Stopping is a phonological process of replacing a held out sounds (like F or S) with a short sound (like T or D). To elicit the F sound, prompt STUDENT to gently bite his lip and blow. You can call this sound your “lip cooler” sound. To elicit the S sound, put your mouth in a smile position and blow out skinny air. I call this the “snake sound”. To practice sounds that are held out, drag your finger along a line or in sand. You can give a tactile prompt of sliding your finger down your arm down.
Fronting is producing sounds from the back of your mouth (K, G, SH) in the front like (T, D). Try making a growling sound like a bear. Can you child imitate that ‘grrrr’? Now growl and then add “oh”. “grrrr – oh” That’s the word “grow”. Now trying to say the “g” sound by itself. Have your child open his mouth as wide as possible and say “g”. If your child can’t produce the sound don’t practice it wrong. Wait until your speech therapists gives you some more tips!
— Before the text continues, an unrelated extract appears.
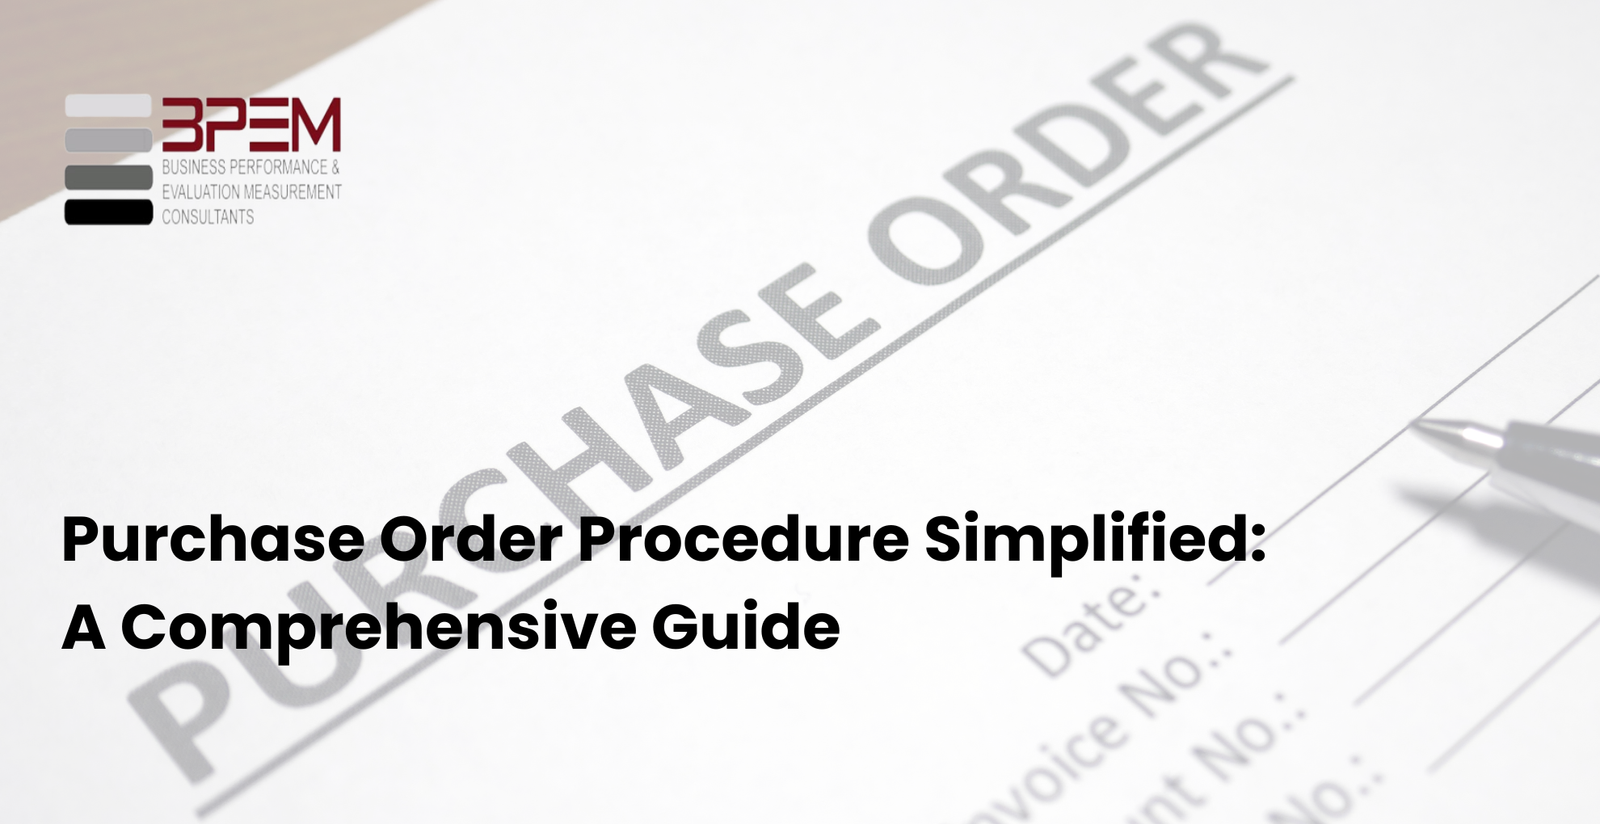 Purchase order procedure

You can read books with STUDENT and talk about the words you hear that have his sounds. You can practice reading them in different voices. While you practice make sure you give plenty of positive feedback. Even if he doesn’t say the sound correctly you can say, “I like how hard you’re trying!” Practice for a few tries and if he doesn’t produce it correctly, stop trying. You don’t want to practice the sound incorrectly a bunch of times. Wait until your child’s speech-language pathologists can help you elicit the sound correctly. As you practice, give specific praise. For example, “I like how you kept your tongue up on the bumpy spot for /t/.”